I have the following dataframe with timeseries data:
import pandas as pd
import numpy as np
test_dict = {'time': ['2018-01-01 00:00:00+00:00', '2018-01-01 00:15:00+00:00', '2018-01-01 00:30:00+00:00', '2018-01-01 00:45:00+00:00',
'2018-01-02 00:00:00+00:00', '2018-01-02 00:15:00+00:00', '2018-01-02 00:30:00+00:00', '2018-01-02 00:45:00+00:00',
'2018-01-01 00:00:00+00:00', '2018-01-01 00:15:00+00:00', '2018-01-01 00:30:00+00:00', '2018-01-01 00:45:00+00:00'],
'id_day': [1,1,1,1,2,2,2,2,1,1,1,1],
'name':['sensor1', 'sensor1', 'sensor1', 'sensor1', 'sensor1', 'sensor1', 'sensor1', 'sensor1', 'sensor2', 'sensor2', 'sensor2', 'sensor2'],
'id_unique': [1,1,1,1,2,2,2,2,3,3,3,3],
'class': ['type1', 'type1', 'type1', 'type1', 'type1', 'type1', 'type1', 'type1', 'type2', 'type2', 'type2', 'type2'],
'value': np.random.randint(5,25, size = 12)}
testframe = pd.DataFrame(test_dict)
testframe['time'] = pd.to_datetime(testframe['time'])
As you can see, there are several time series underneath each other.
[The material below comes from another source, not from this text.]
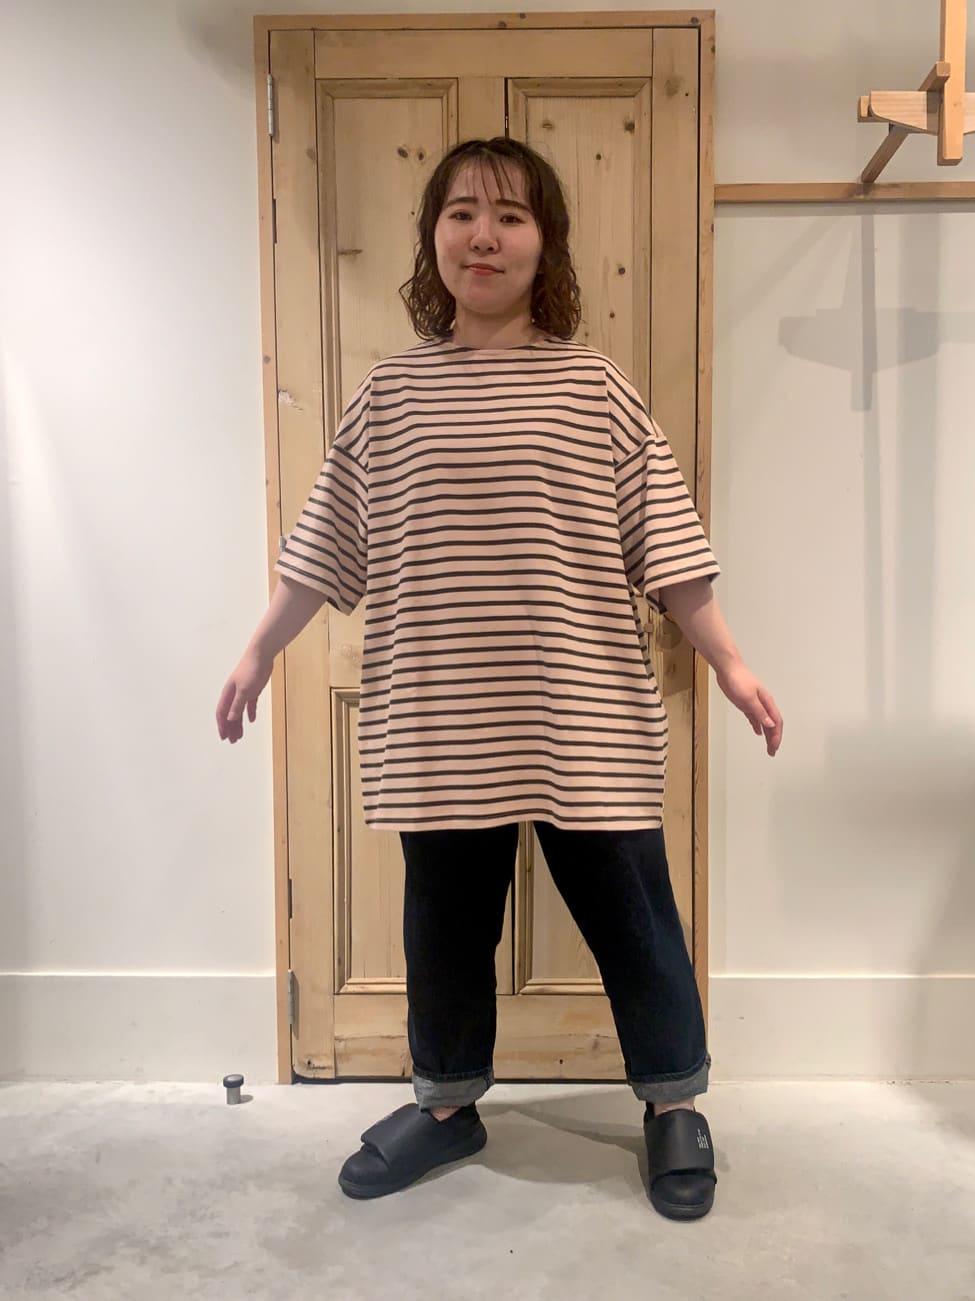 Malle chambre de charme 調布パルコ 身長:155cm 2021.07.13
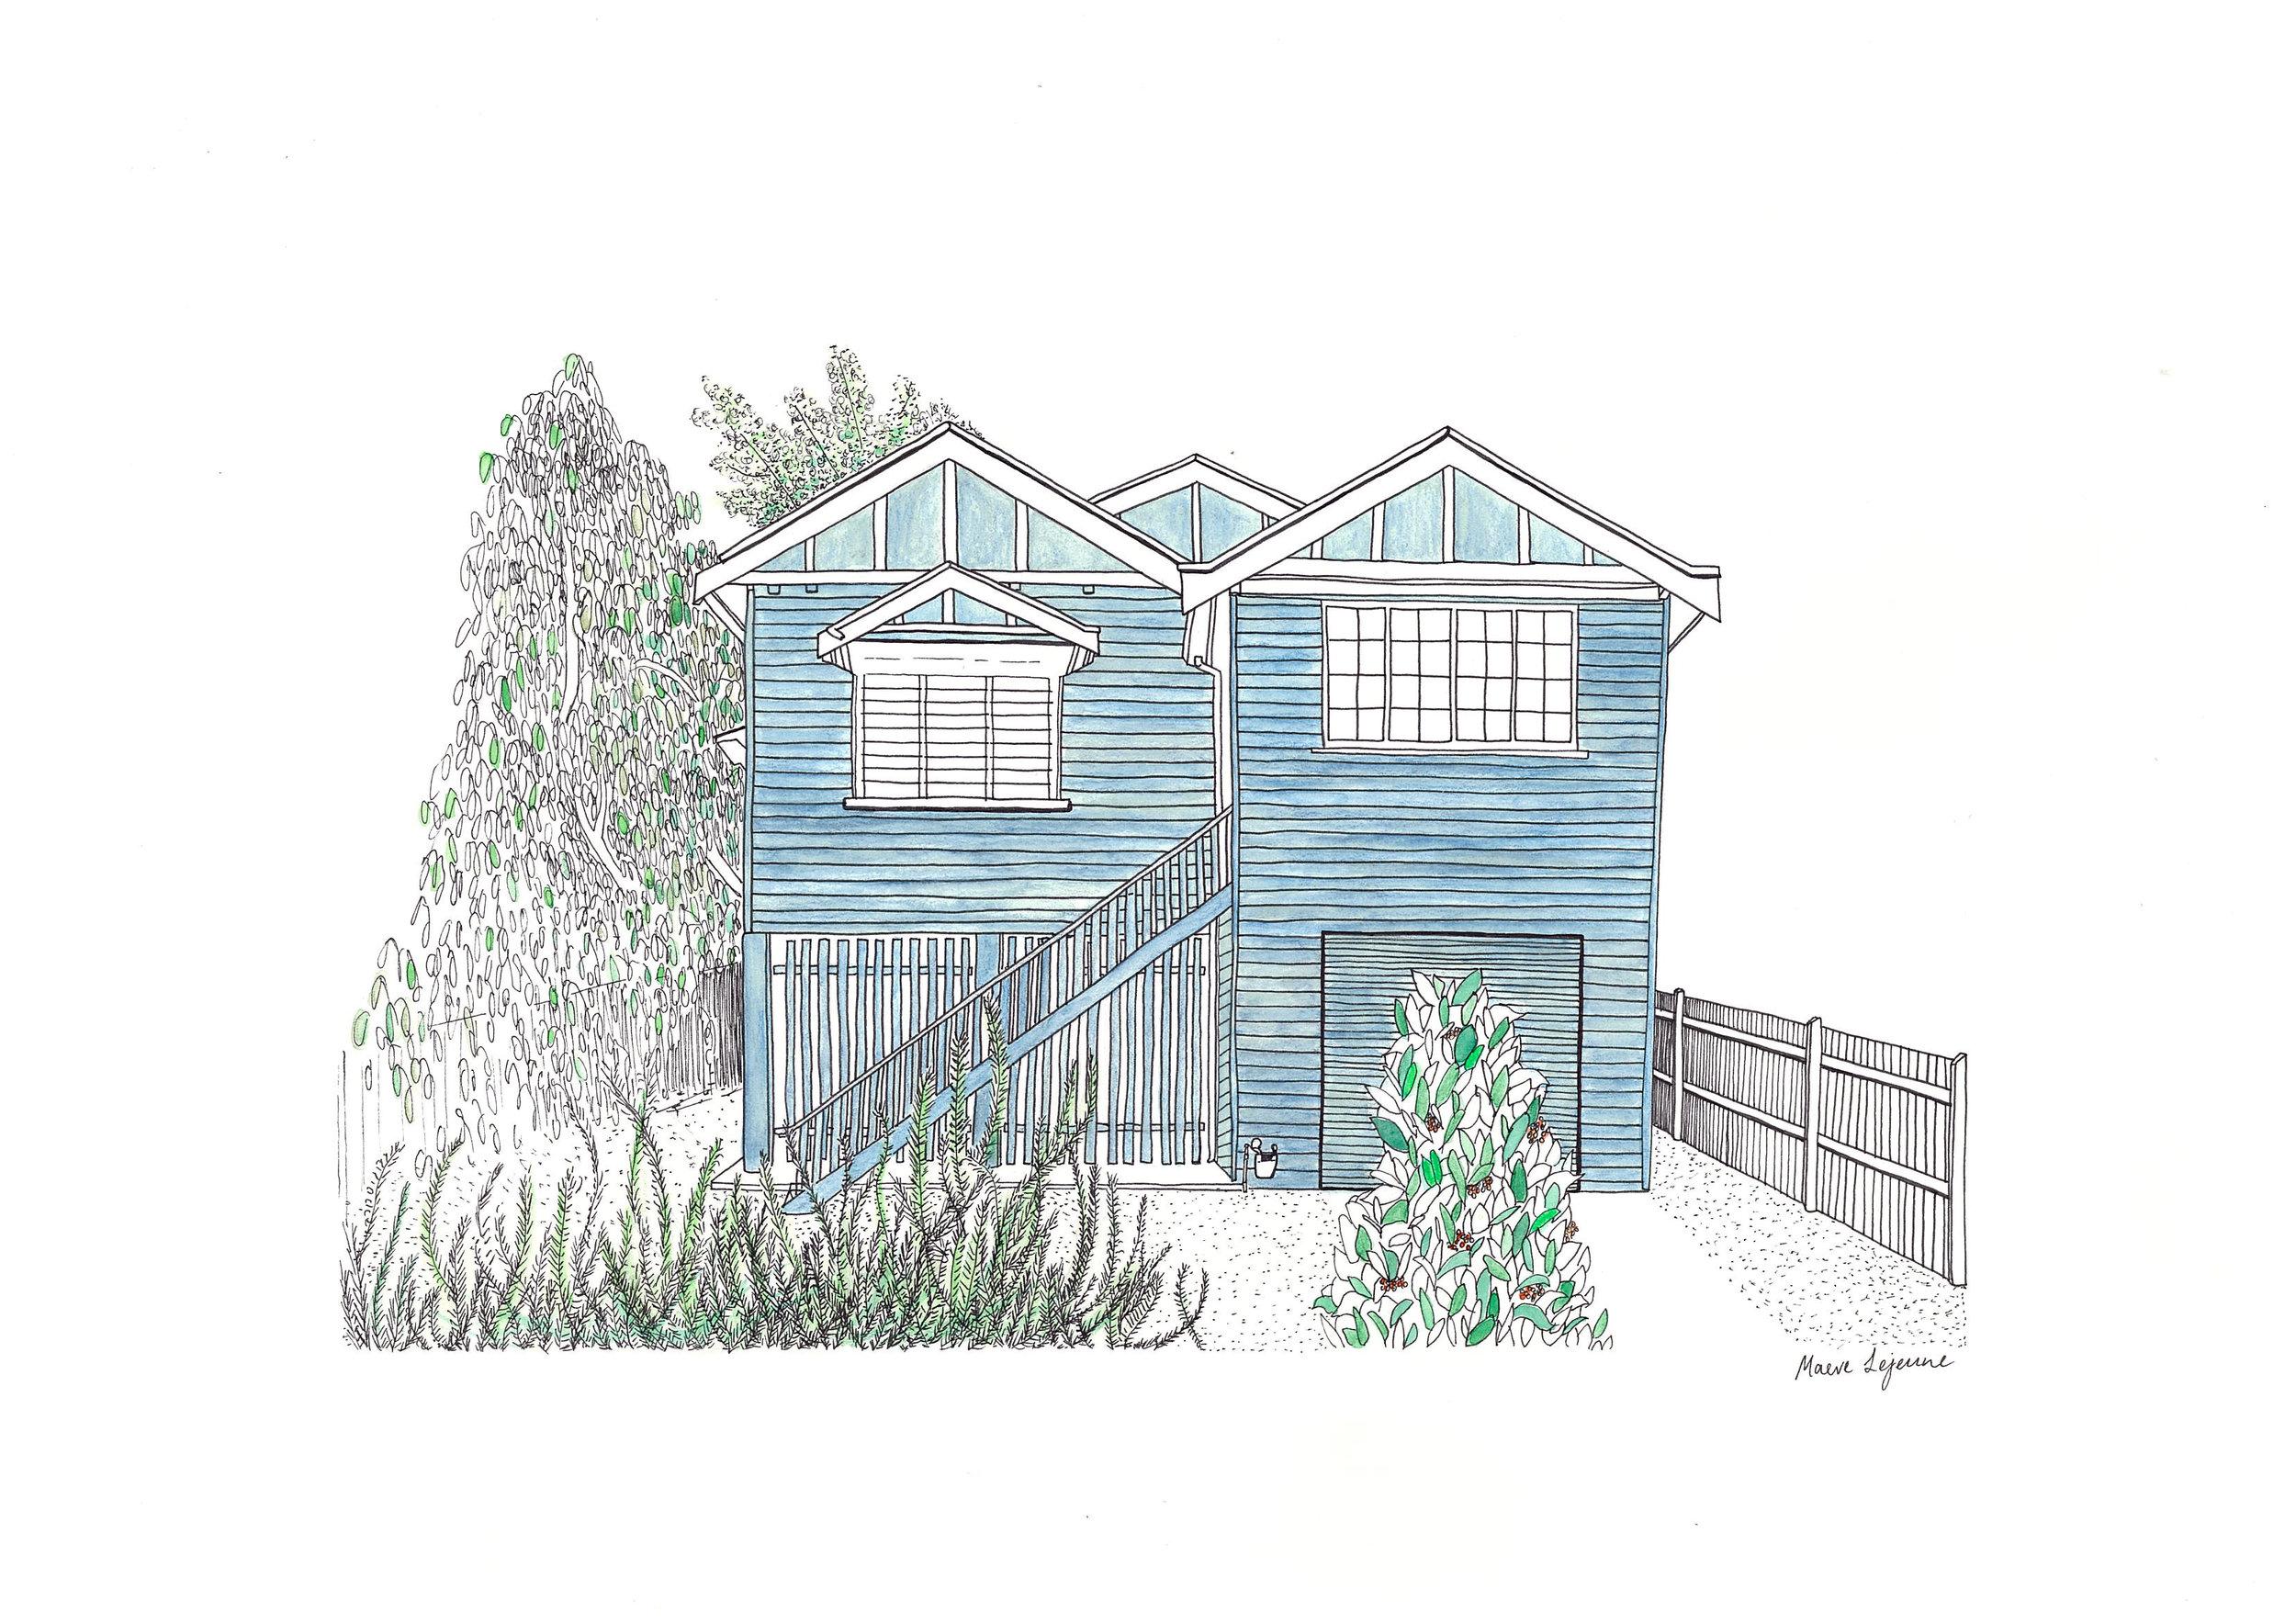 #11 Tori's House

Each time series has a time with 15 min sapling rate, an id_day, the name of the sensor, a id_unique (is unique to each time series to bee able to separate them), a class and some values for each timestamp. In the real dataset, each time series has a length of 24h = 96*15 minutes. I hope the situation is clear, if not just ask for it and I will provide further explanations.
Now I want to change the sampling rate to, lets say, 10 minutes, 1h, etc. and use mean values for the column value
. The goal is to "delete" all the "obsolete" rows after calculating the mean, so I end up with the same table (but shorter). I have a hard time explaining this better right now, so let me know if anything remains unclear.
EDIT: Expected result:
result_dict = {'time': ['2018-01-01 00:15:00+00:00',
'2018-01-02 00:15:00+00:00',
'2018-01-01 00:15:00+00:00'],
'id_day': [1,2,1],
'name':['sensor1', 'sensor1', 'sensor2'],
'id_unique': [1,2,3],
'class': ['type1', 'type1', 'type2'],
'value': np.random.randint(5,25, size = 3)}
result = pd.DataFrame(result_dict)
result['time'] = pd.to_datetime(result['time'])
Where the value
is the mean value. In this case, I resampled the testframe from 5 minutes to 15 minutes.
EDIT_END
What I tried was:
testframe.set_index('time').groupby(pd.Grouper(freq = '5Min')).mean()
and some other groupby attempts, but they all lead to result, that ignores columns with strings in them.
What would be the correct approach/code to groupby "time", calculate mean of "value" and adjust the rest of the columns acordingly?
Thanks in advance for any hint or ideally a code!
Finally, I did it the hard way and looped through the data. This approach takes a while, but i couldn't find a better solution:
df_resampled_dict = {'time' : list(), 'id_day' : list(), 'name' : list(), 'id_unique' : list(), 'classes' : list(), 'value' : list()}
for id_uni in df['id_unique'].unique():
df_temp = df.loc[df['id_unique'] == id_uni]
name = df_temp['name'].unique()
klasse = df_temp['classes'].unique()
id_day = df_temp['id_day'].unique()
df_temp = df_temp.groupby(pd.Grouper(freq = sampling_rate)).mean()
df_temp = df_temp.reset_index()
df_resampled_dict['value'].extend(df_temp['value'])
df_resampled_dict['classes'].extend([klasse[0]] * len(df_temp['value']))
df_resampled_dict['time'].extend(df_temp['time'])
df_resampled_dict['id_day'].extend([id_day[0]] * len(df_temp['value']))
df_resampled_dict['name'].extend([name[0]] * len(df_temp['value']))
df_resampled_dict['id_unique'].extend([id_uni] * len(df_temp['value']))
df_resampled = pd.DataFrame(df_resampled_dict)
I someone stumbles across this and can offer a faster solution, I am happy to learn!